**Exercise:**
From the first line to the last, restate the material word for word, omitting pictures.

**Recorded data:**

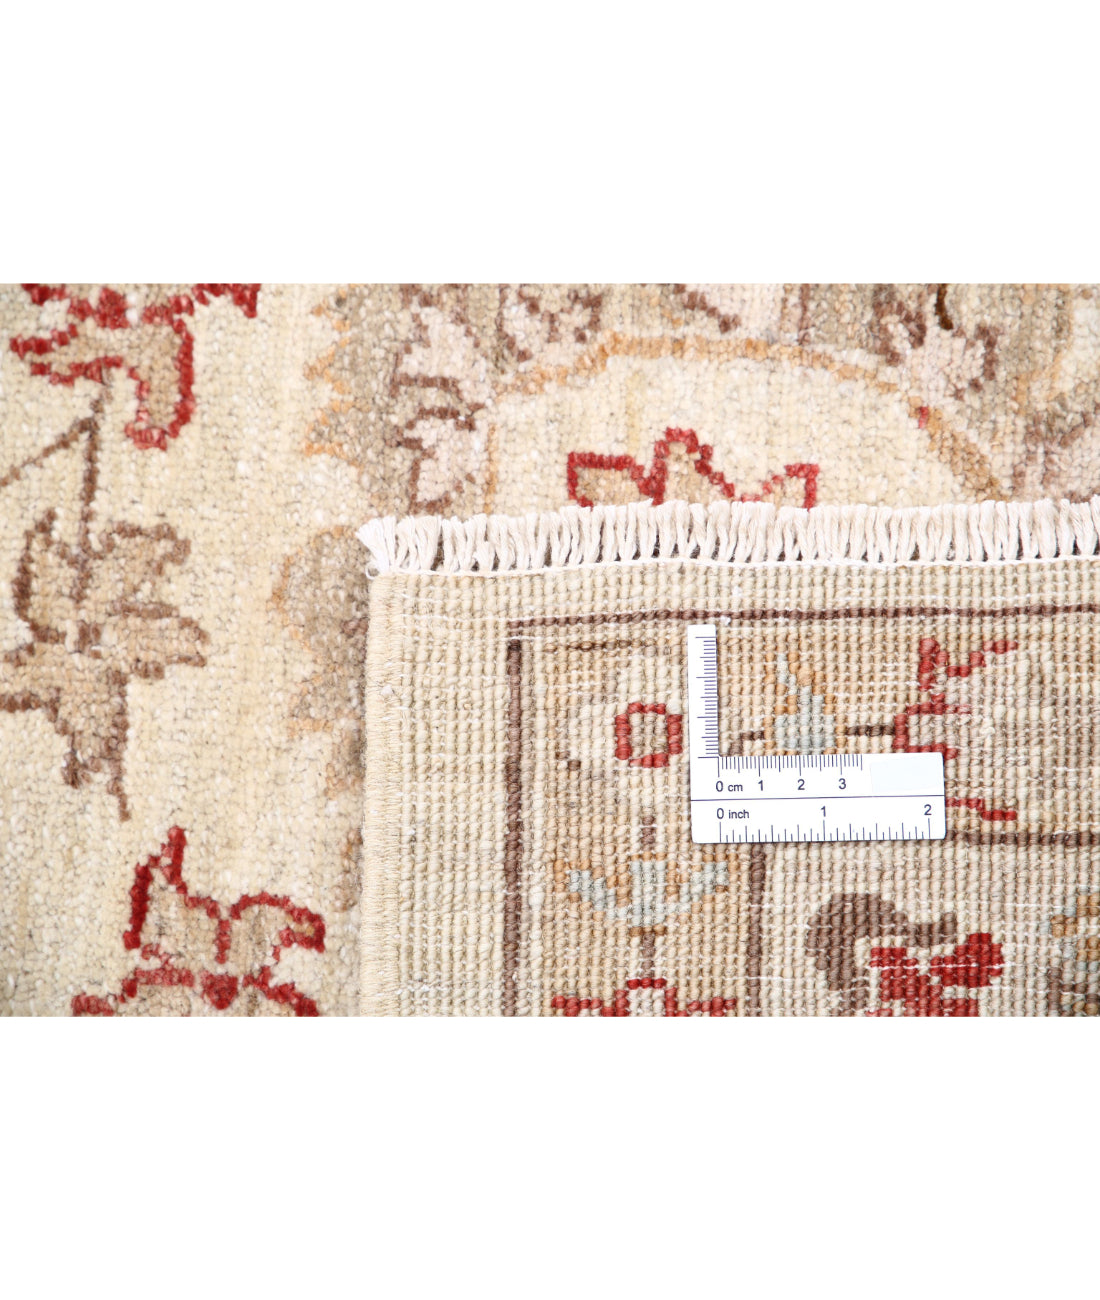 Ziegler 9'2'' X 11'7'' Hand-Knotted Wool Rug 9'2'' x 11'7'' (275 X 348) / Ivory / Taupe
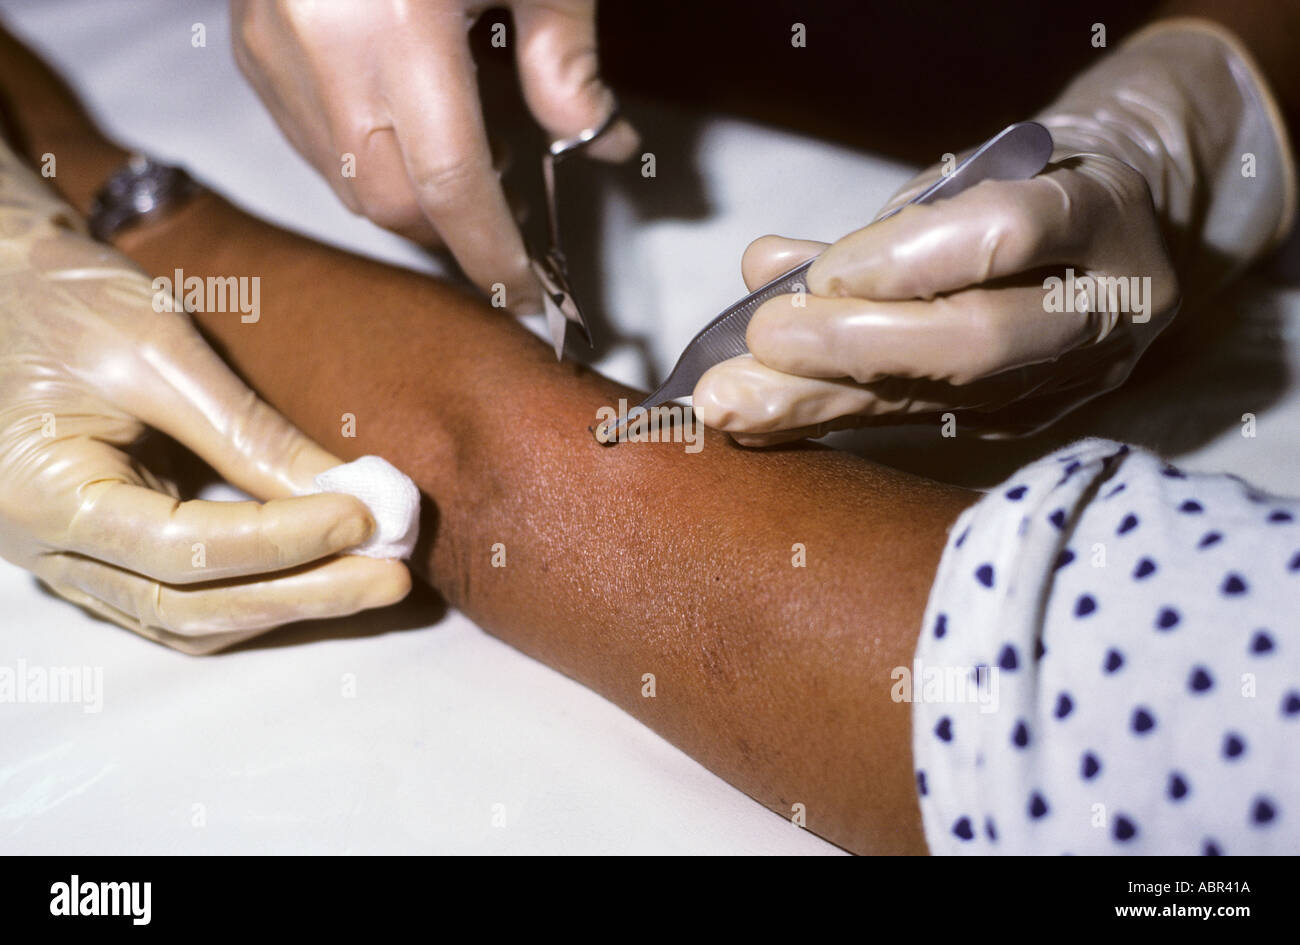 Manaus, Brazil. Doctor wearing surgicial rubber gloves taking as sample from patient with Hansen's disease. Amazonas State. Stock Photo
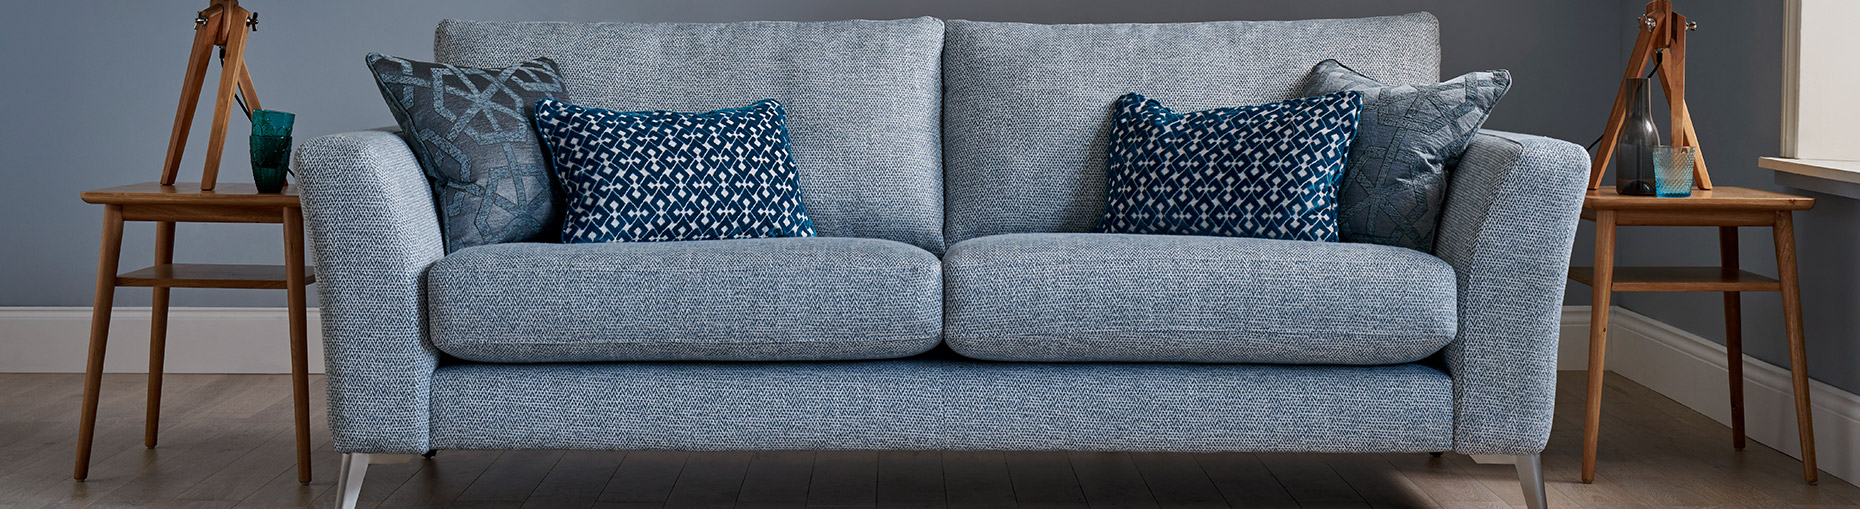 Chilton sofa collection at Forrest Furnishing
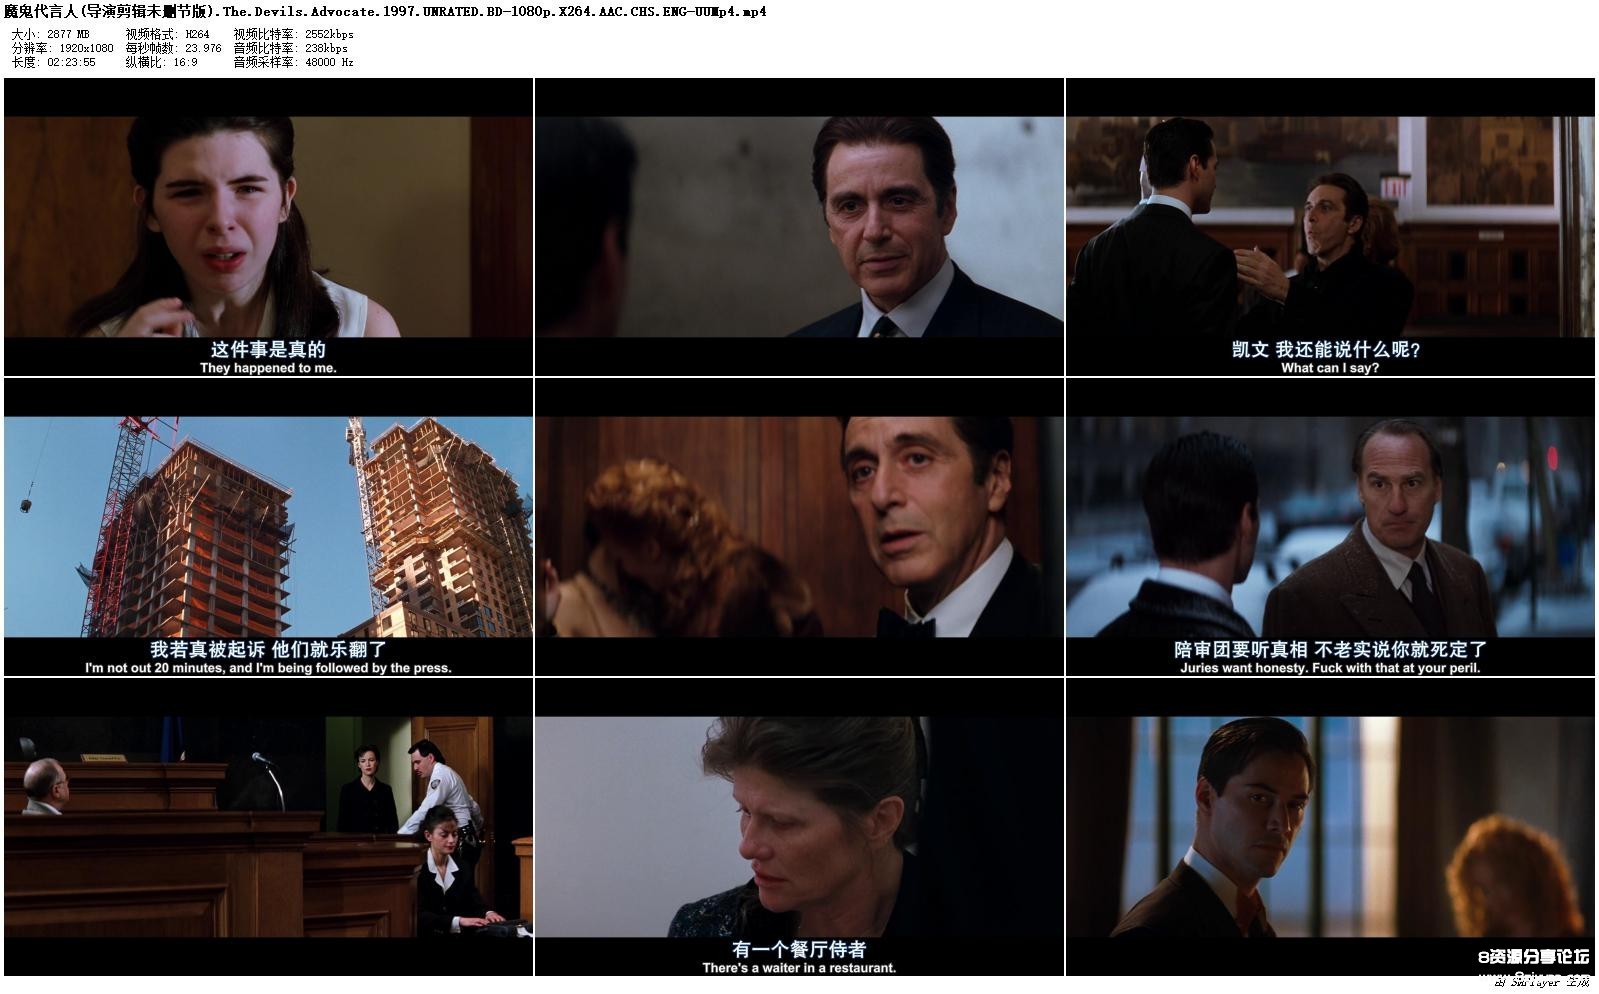 .The.Devils.Advocate.1997.UNRATED.BD-1080p.X264.AAC.CHS.ENG-UUMp4_previewad36b9392a073b85.jpg

**Task solution:**
 Ziegler 9'2'' X 11'7'' Hand-Knotted Wool Rug 9'2'' x 11'7'' (275 X 348) / Ivory / Taupe
 Manaus, Brazil. Doctor wearing surgicial rubber gloves taking as sample from patient with Hansen's disease. Amazonas State. Stock Photo
 Chilton sofa collection at Forrest Furnishing
 .The.Devils.Advocate.1997.UNRATED.BD-1080p.X264.AAC.CHS.ENG-UUMp4_previewad36b9392a073b85.jpg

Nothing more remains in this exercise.